I'm probably just bad at agile but I usually prefer if QA sends a quick message about a bug first to make sure it's actually a bug and they're not just misunderstanding a story.
What comes to mind when I see this meme is more along the lines of CS DMing devs directly with customer issues and expecting us to magically come up with a solution to something with minimal information given.
I recently came across an early access game with no bug tracker where the expected way to report bugs was to leave a message in a discord channel. 🤦♂️
As a boss, if it's not important enough for me to take the time to make a ticket, I'm not gonna get that mad at the pushback.

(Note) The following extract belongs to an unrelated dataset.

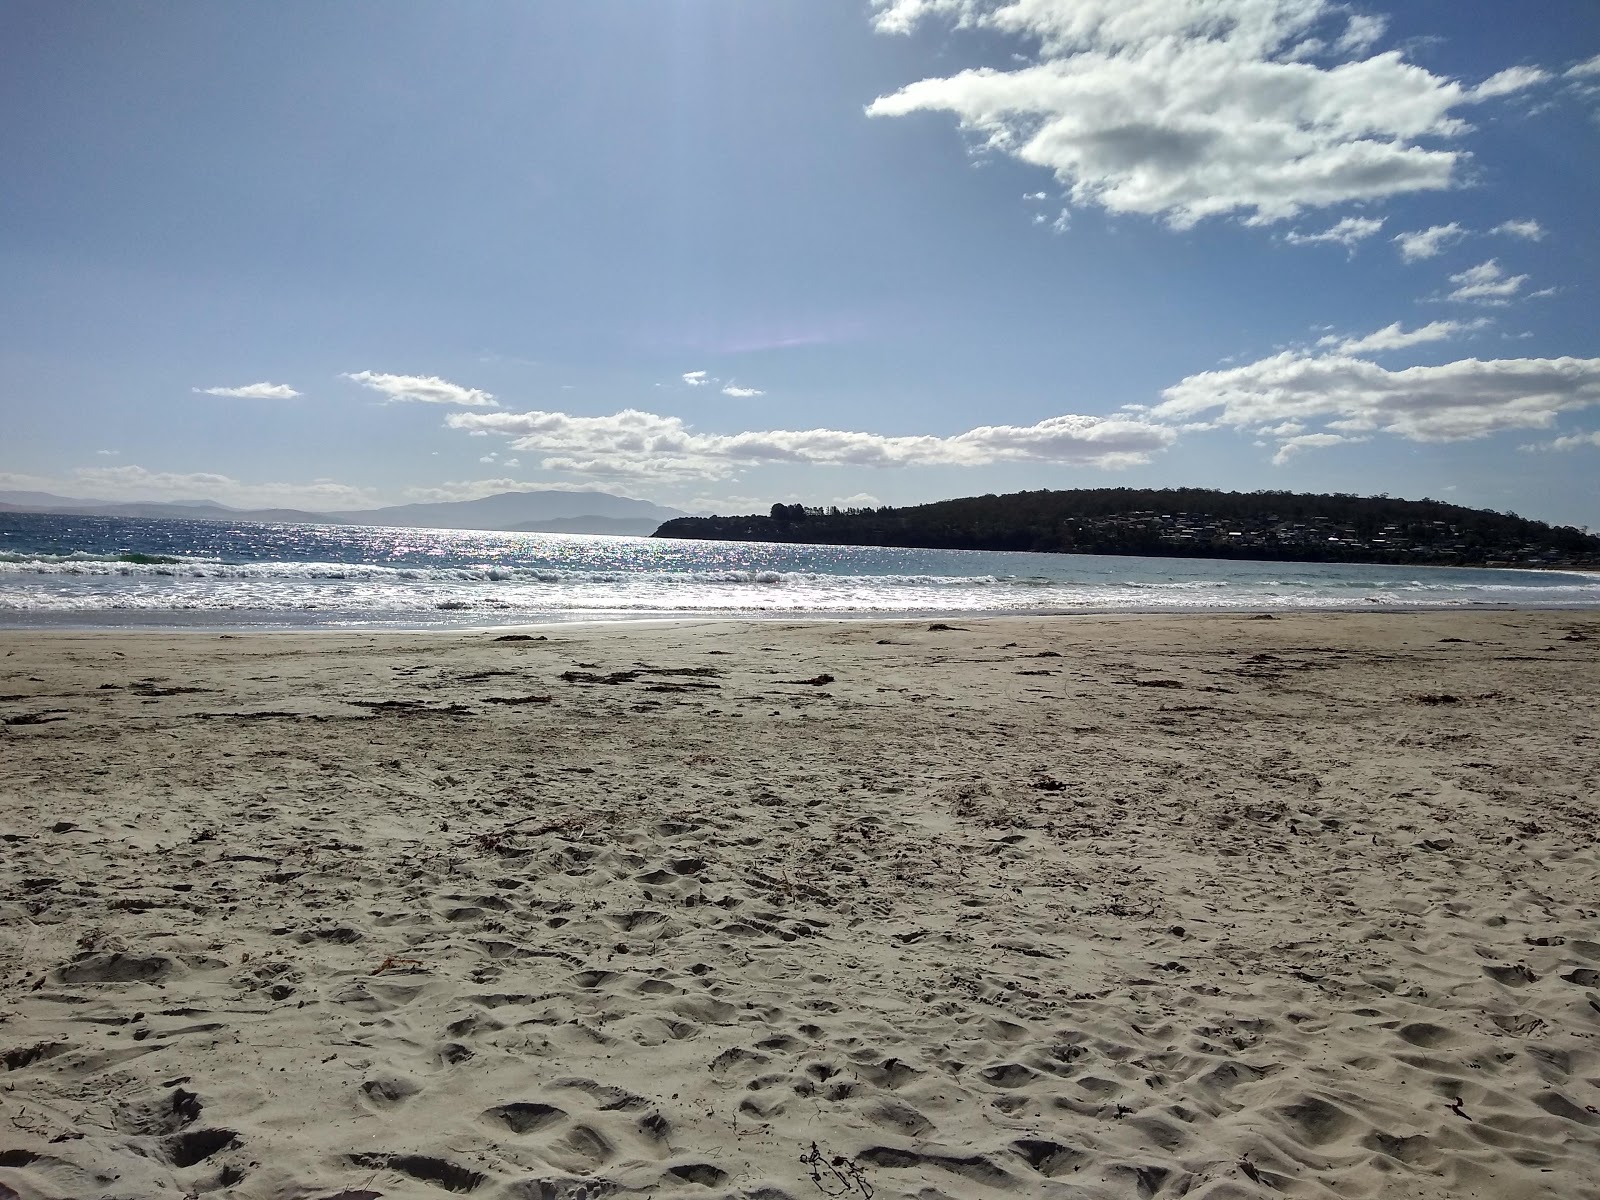 Fotografie cu Primrose Sands Beach - locul popular printre cunoscătorii de relaxare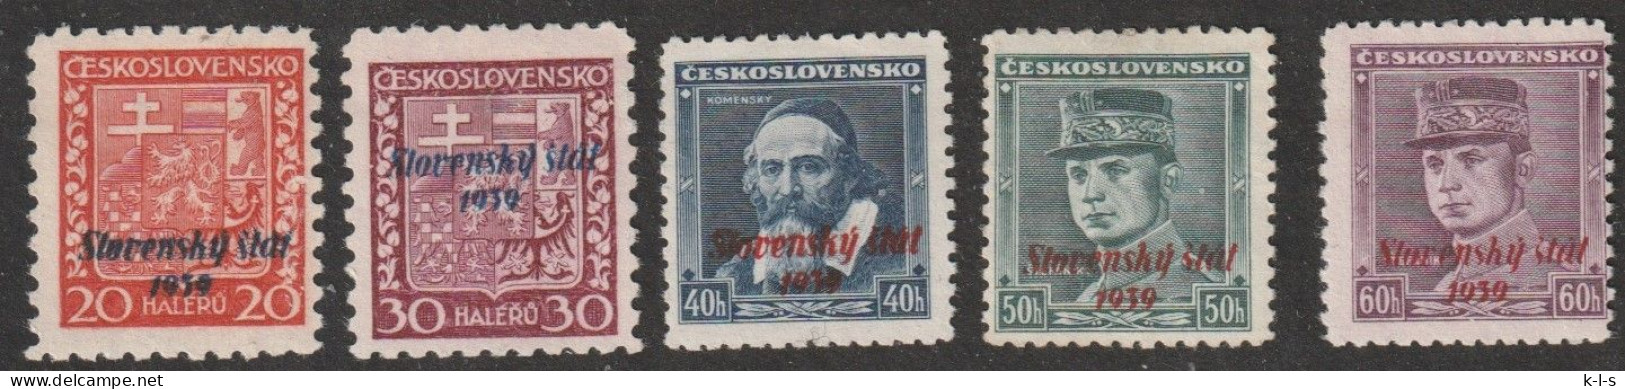 Slowakei: 1939, Freimarken. Mi. Nr. 4, 6, 7, 8, 10, Marken Der Tschechoslowakei Sowie Slowakei.   **/MNH - Unused Stamps

But then, I'm in a small company so if it is important my response might be "I have another 7 hours of meetings ahead of me, could you pivot to getting replication and add a ticket, and then assign it to yourself?"
Folks want to offboard their issue somewhere with minimal effort. It's much easier to do that in free text in an app you're already in than to submit a form where you have to categorize your issue on a website you'd have to pull it.
You're right to say it's friction making people step outside the preferred path.
Where I work, we send emails to users from their tickets. They are expected to reply to the emails, but sometimes they ignore the email and message us on Teams. If we give in and reply to their message, they tend to think they can message us for anything little thing. So then we become their personal IT guy. I’ve had to mute and hide people because they wouldn’t leave me alone. It’s like they don’t realize we are busy with other work. Go through the proper channels. Once you have a ticket, we will email you. IMing us is like trying to cut in line.
I'm sure most've you have noticed whatever the weird bug is that causes Lemmy to claim some obscure post with no comments has hundreds of likes, but I have no problem whatsoever believing this one has 409 likes.